Set down each line of the data exactly, but not the pictures.
DATA SHOWN section start
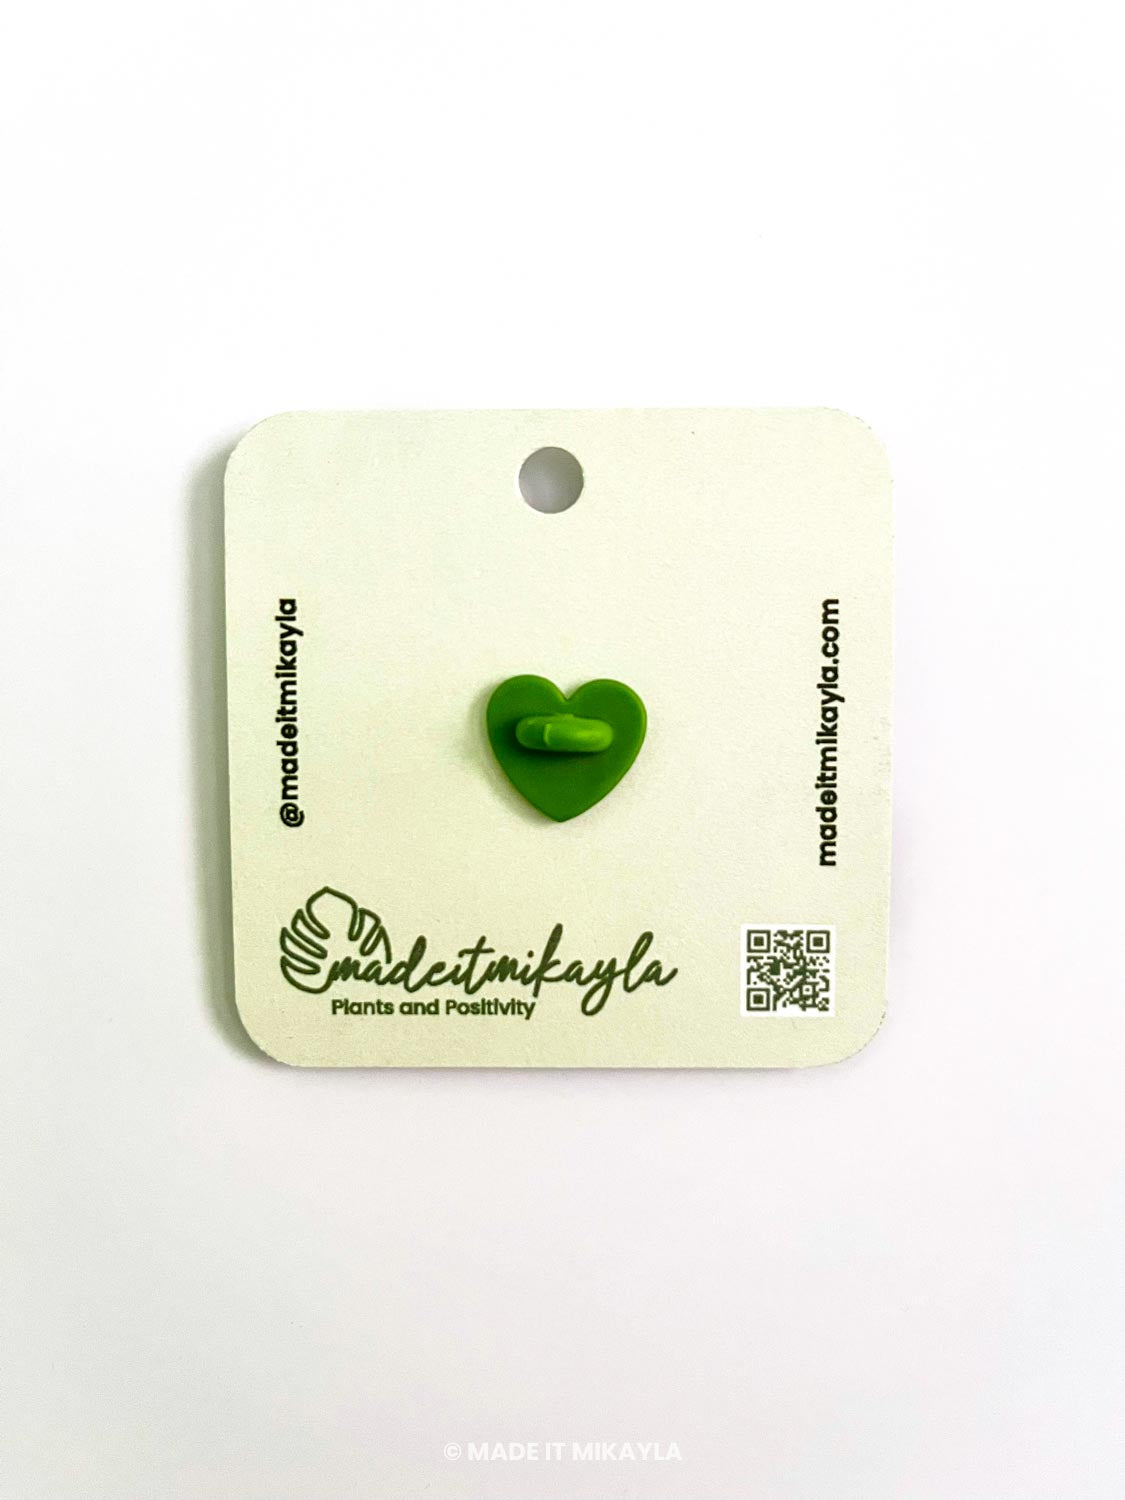 Heart Leaf Wooden Pin | MadeItMikayla
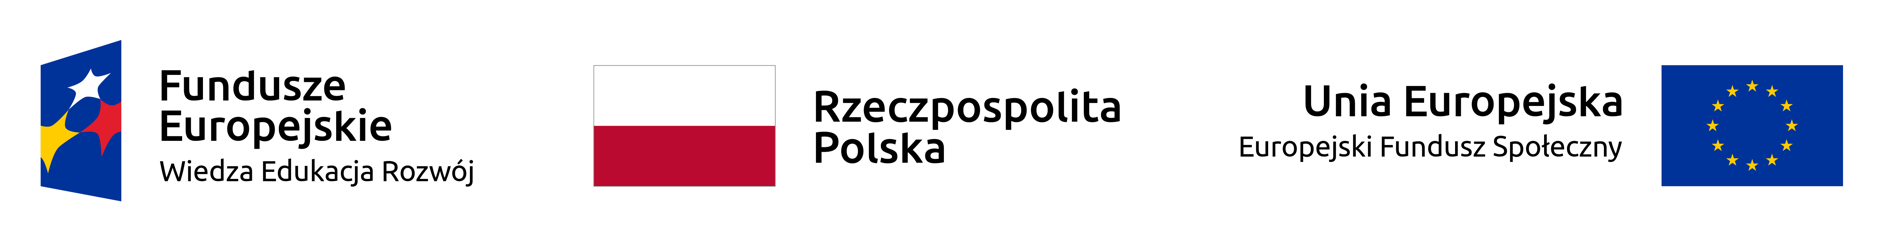 Grafika od lewej: logo Fudusze Europejskie Wiedza Edukacja Rozwój, flaga narodowa Polski, napis Rzeczpospolita Polska, napis Unia Europejska Europejski Fundusz Społeczny, flaga Unii Europejskiej
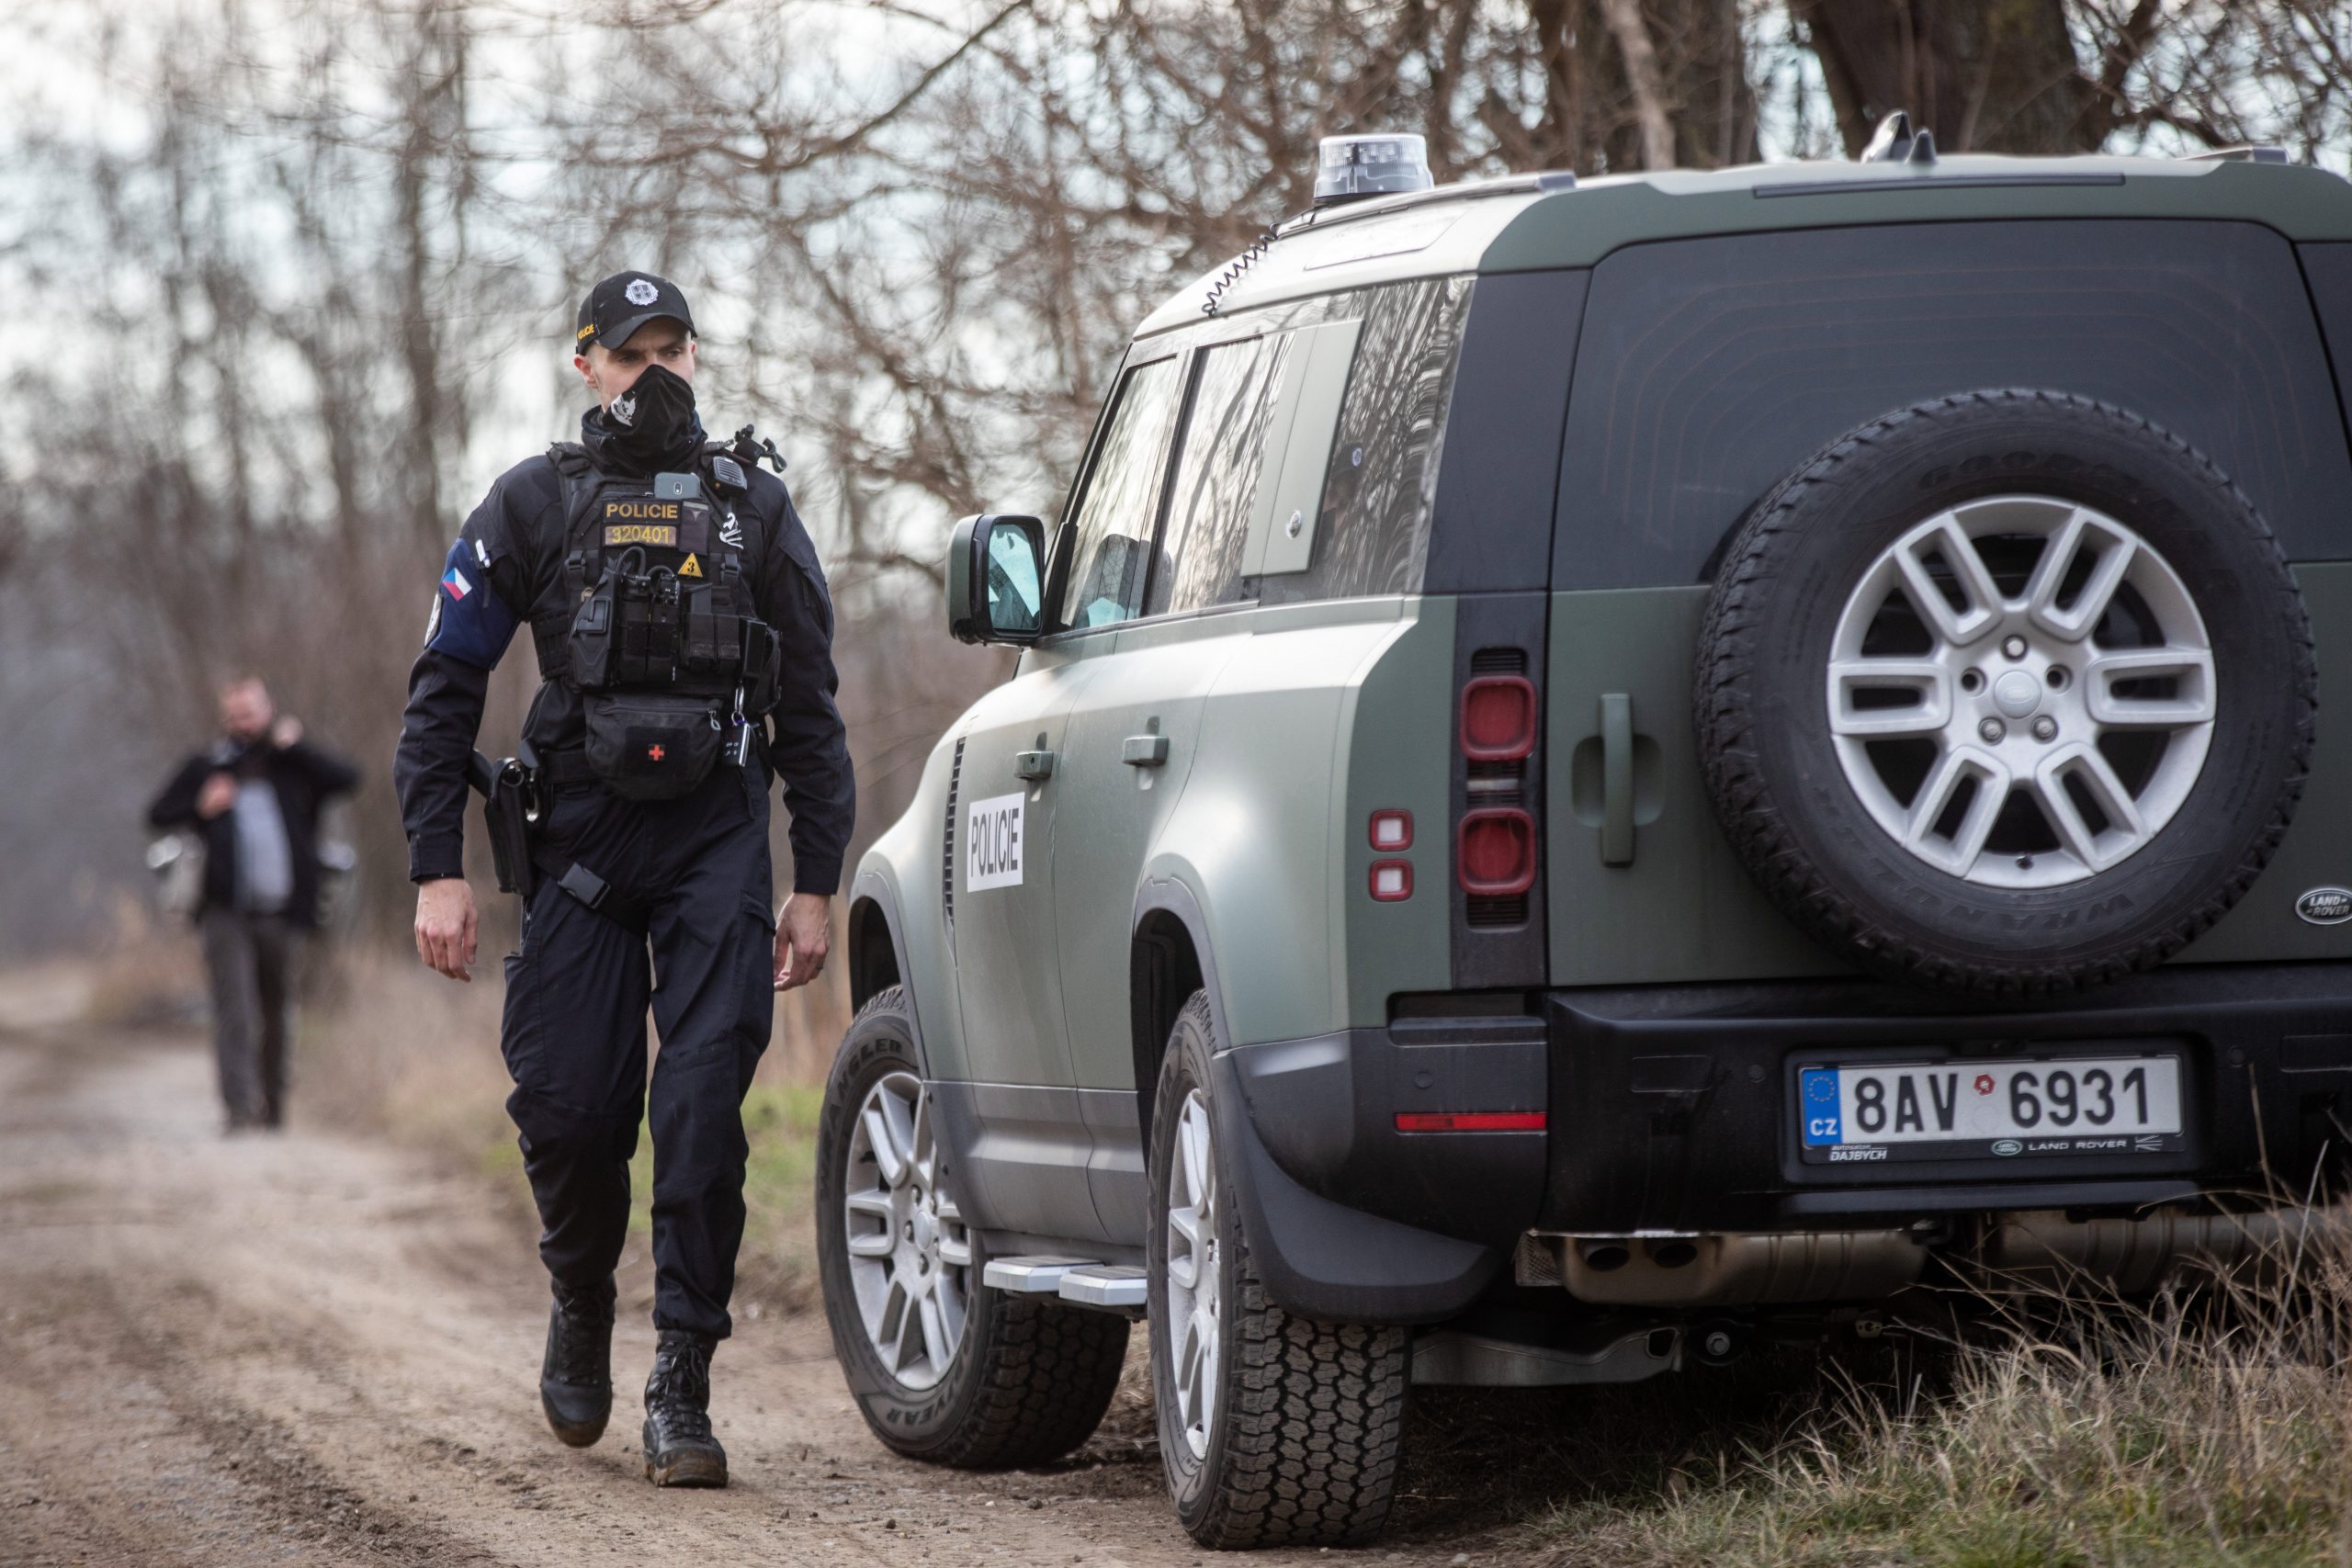 Kommandant der tschechischen Polizeieinheit: Migrationssituation an der ungarisch-serbischen Grenze ist äußerst ernst
DATA SHOWN section end
OUTPUT OF THE EXERCISE:
 Heart Leaf Wooden Pin | MadeItMikayla
 Grafika od lewej: logo Fudusze Europejskie Wiedza Edukacja Rozwój, flaga narodowa Polski, napis Rzeczpospolita Polska, napis Unia Europejska Europejski Fundusz Społeczny, flaga Unii Europejskiej
 Kommandant der tschechischen Polizeieinheit: Migrationssituation an der ungarisch-serbischen Grenze ist äußerst ernst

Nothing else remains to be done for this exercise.